Her voice cracked as she finished,
- The husband saw me there. He threatened me, terrified me; he told me if I ever crossed his path again, he would kill me. So, I fled from his cruelty, changed my name, and disappeared so he could never find me.
Jaguar placed his hand on Alina's in a comforting gesture. "Don't be sad, Rosaline. Thank you for telling me the truth. Finally, I know everything." She asked bitterly, "Did that girl feel sad because I'm not her mother? Did she wish to be a maid's daughter instead of Lady Rosie's?" Jaguar replied firmly,
- No, it wasn't that. She is stronger than you imagine. By the way, her name is Fati... and now, I'm going to find her.
Meanwhile, Fati was buried in the tall, yellow grass, hidden from the world's sight. She sobbed uncontrollably, feeling as though she had returned to square one.
- Who is this Rosie?
She wondered in despair.
- And why did the maid call her 'Mistress'?
Her father had told her, her mother was a servant who died giving birth so why all these lies?

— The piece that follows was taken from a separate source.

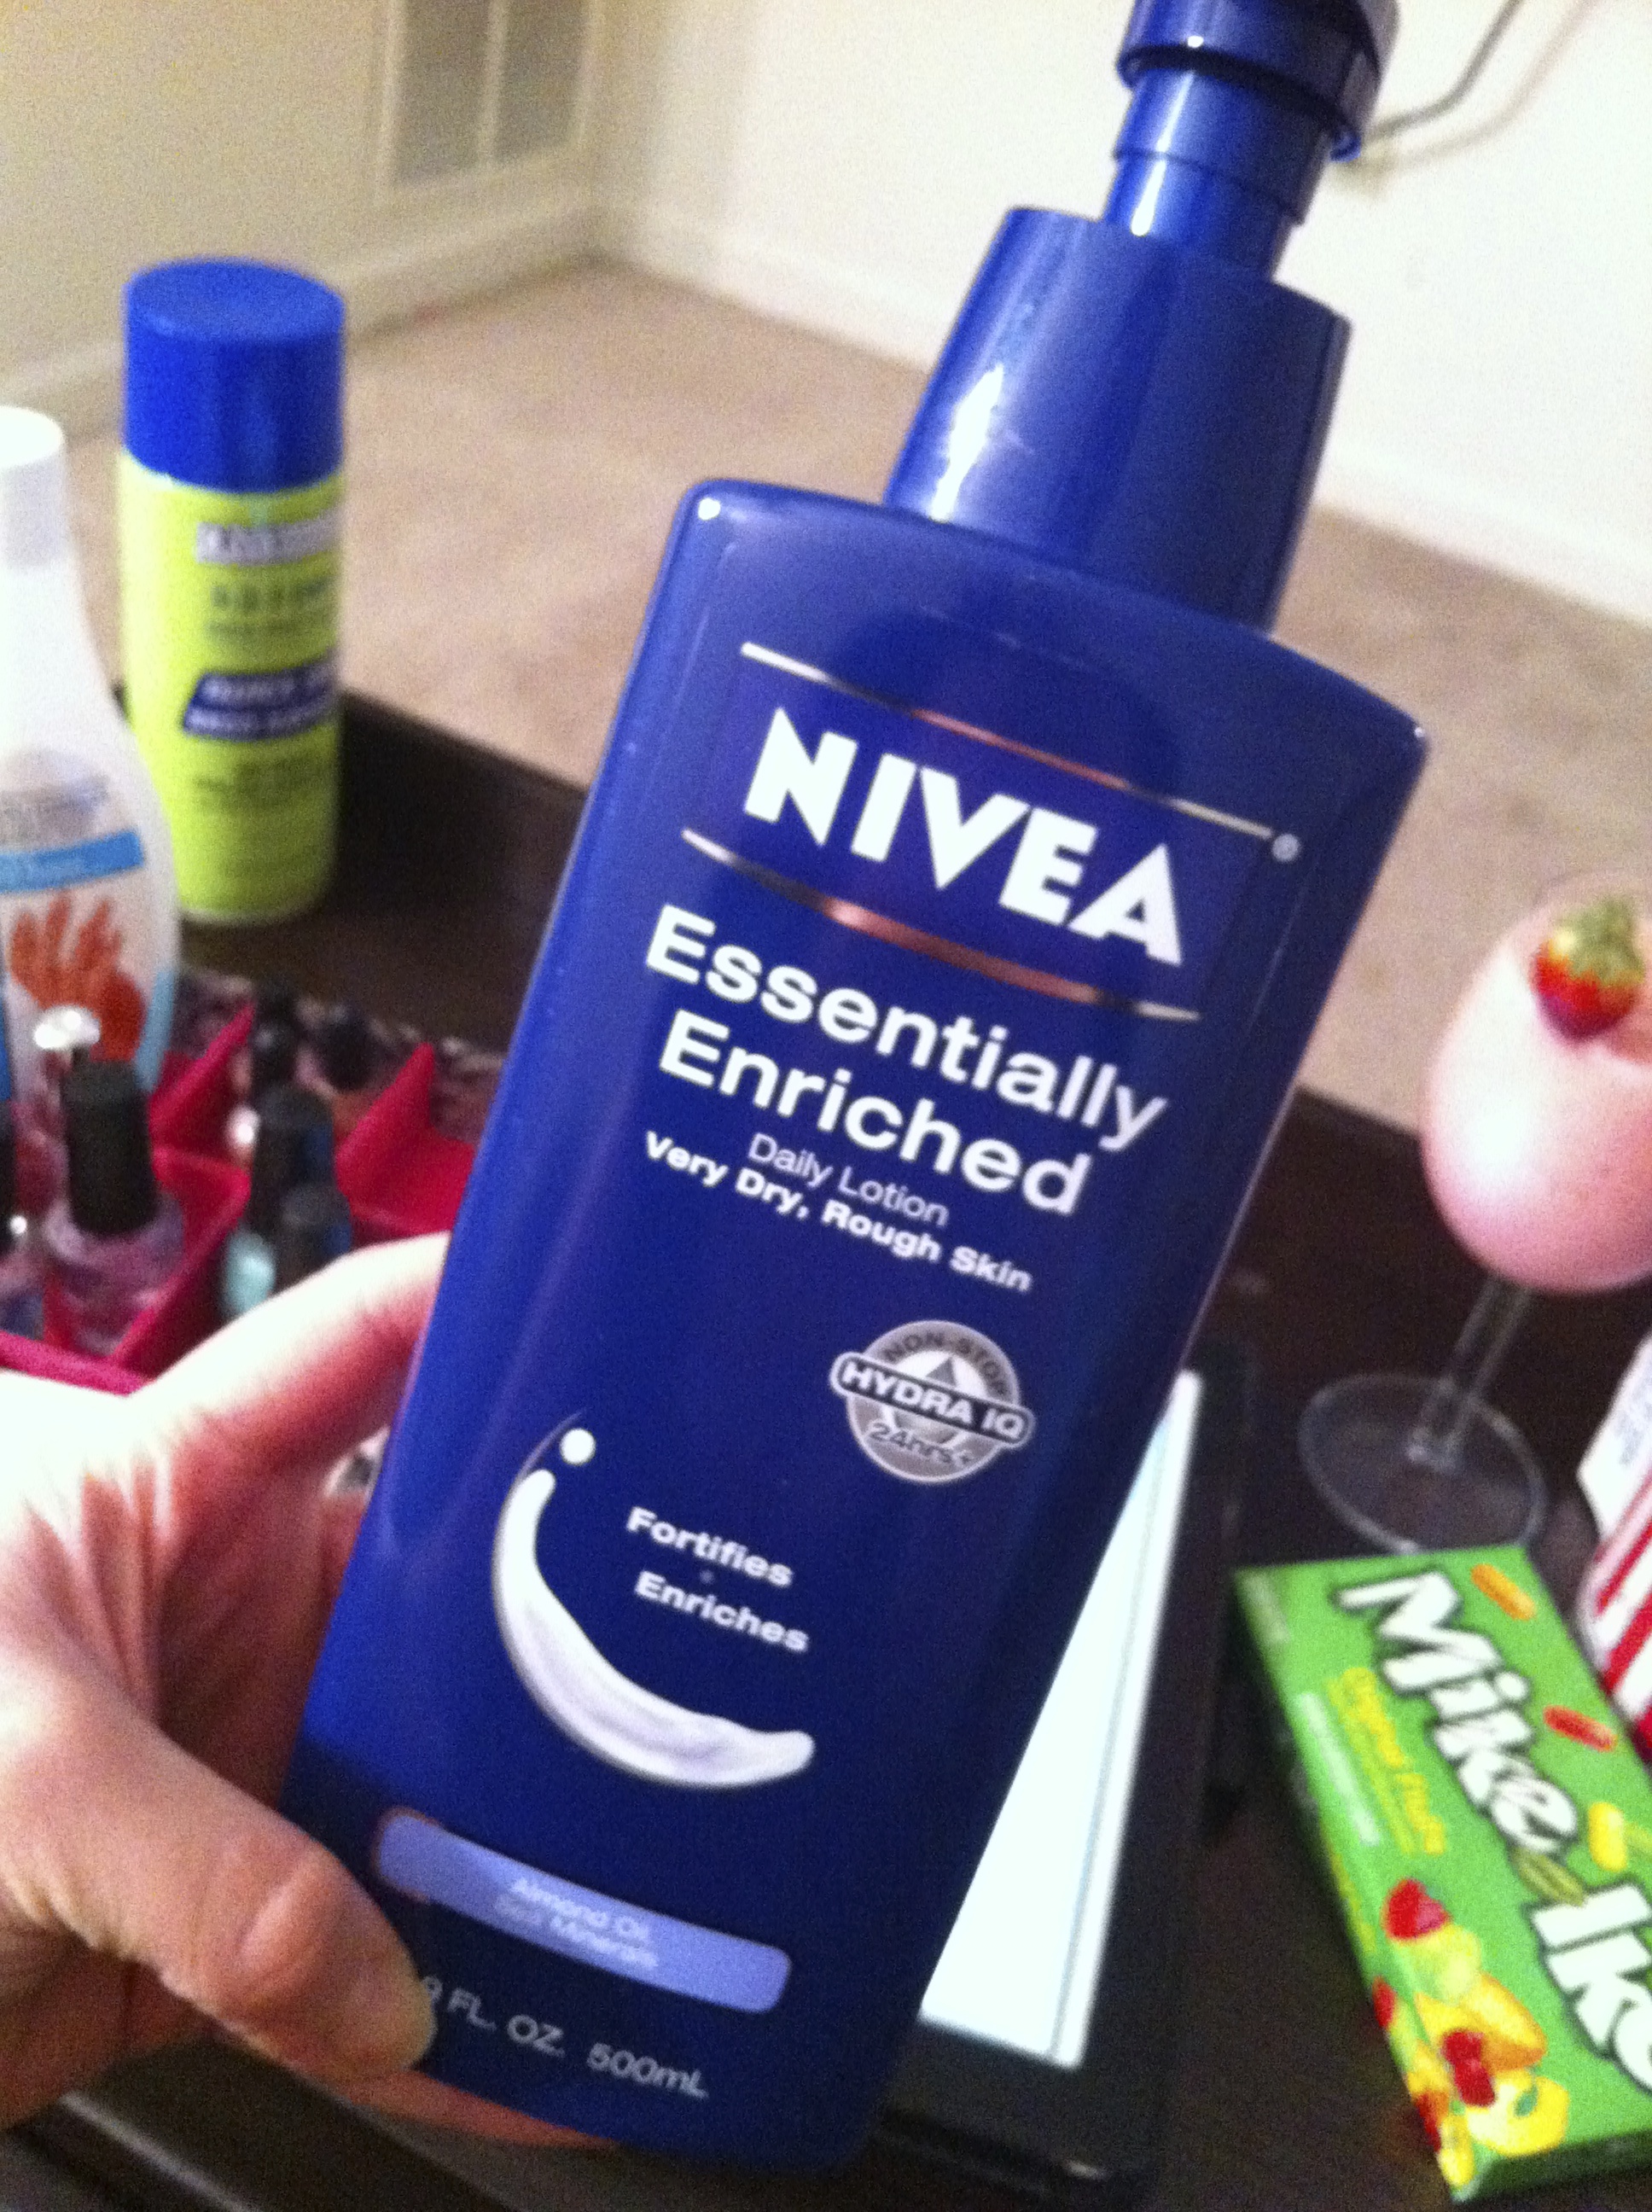 NIVEA Essentially Enriched Lotion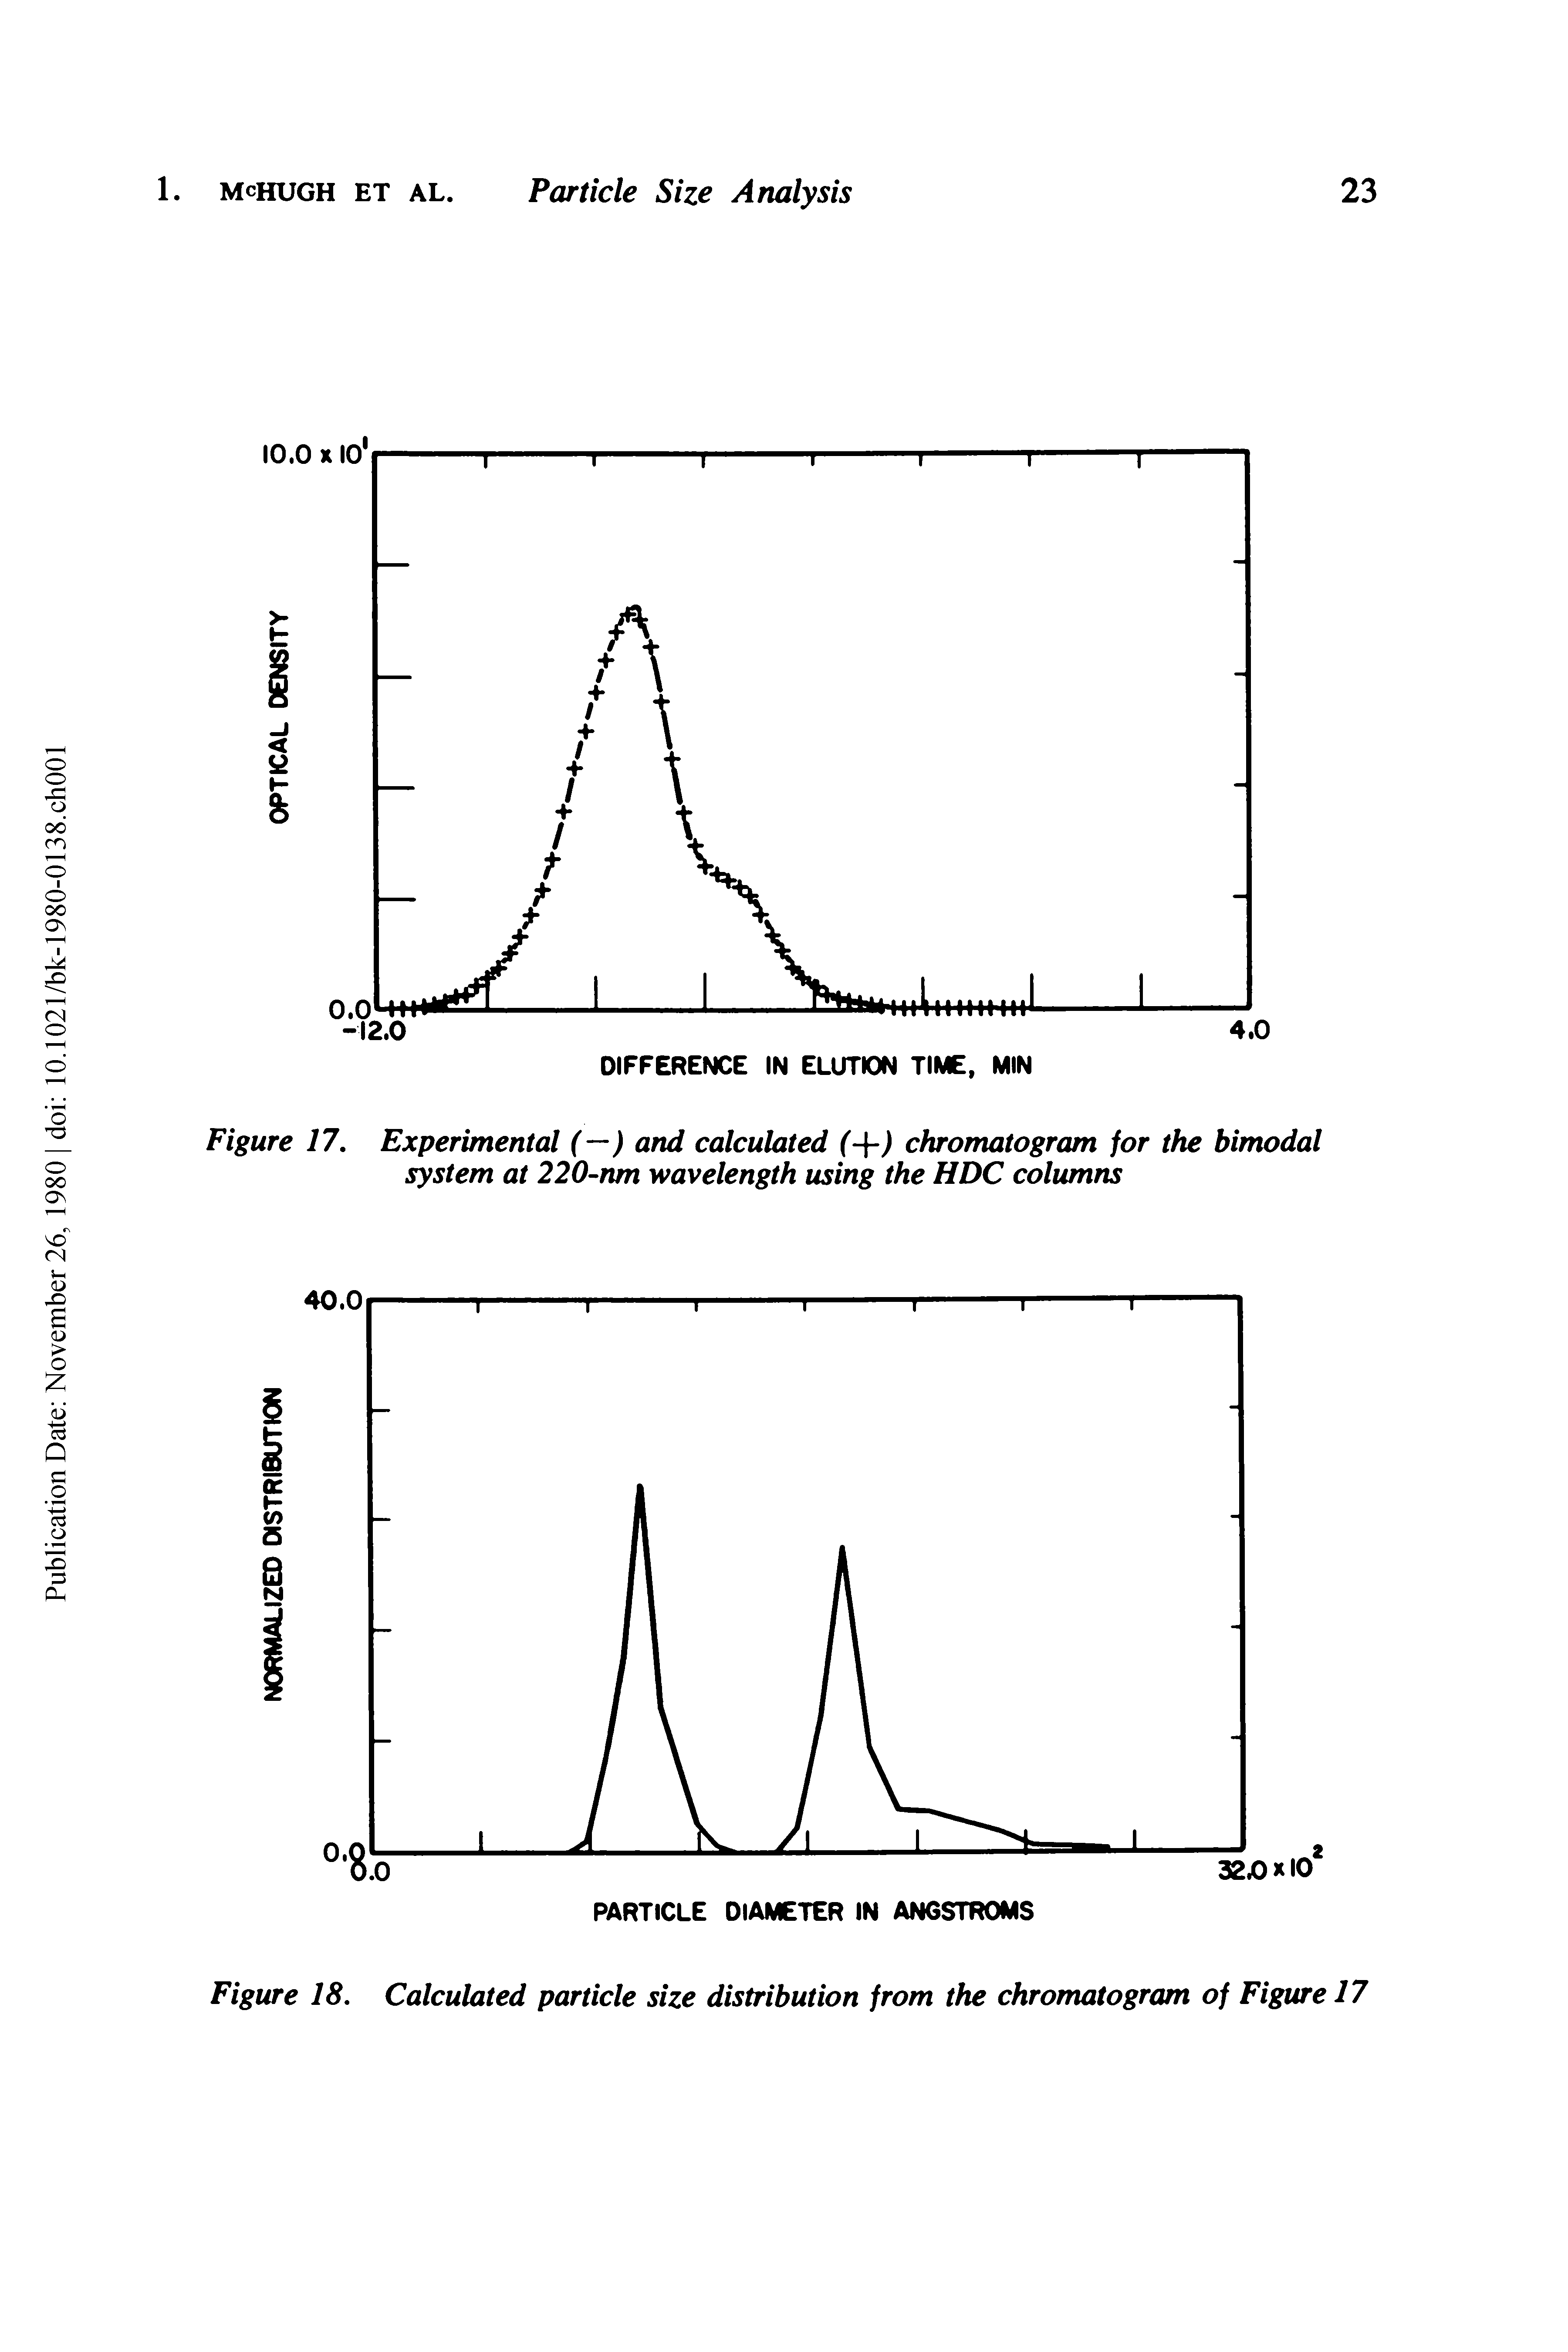 Figure 17. Experimental (—) and calculated (+) chromatogram for the bimodal system at 220-nm wavelength using the HDC columns...

Why had her grandfather hidden her in that distant village? She felt she had lost the last hope of finding a heart that truly loved her.
Behind her, Jaguar stepped out, following her path, but his phone rang. It was his grandfather, his frail voice trembling over the line:
- Jaguar... I need to talk to you. Come quickly. I must tell you a secret about Fati.
Jaguar let out a cold, confident smile and cut his grandfather off:
- You want to tell me that she is your granddaughter... don't you?
A Message from the Author.. From the Pulse of the Paper
"I have always believed that ink only flows when the heart bleeds first..."
I must confess that as I was writing the details of this chapter, "Fati" wasn't the only one weeping amidst those tall yellow grasses my own tears were carving their path across the pages long before hers.
It is never easy for an author to watch a protagonist, whom she crafted out of strength and resilience, crumble before a new kind of "orphanhood." Not the orphanhood of death, but the orphanhood of truth. To discover that the person you thought was your "refuge" is merely a witness to a tragedy, and that your father your first sense of security had woven a web of lies to hide your light behind the cloak of a "maid's daughter."
I wrote this chapter with a trembling heart. I felt every sob Fati took as she searched for a lost, true love, and every shock Jaguar felt as he watched the walls of his world crack before the realization that Fati is the very "blood" he had long wronged.
Thank you for feeling their pain as deeply as I do... and thank you for walking this rugged path toward the truth with me.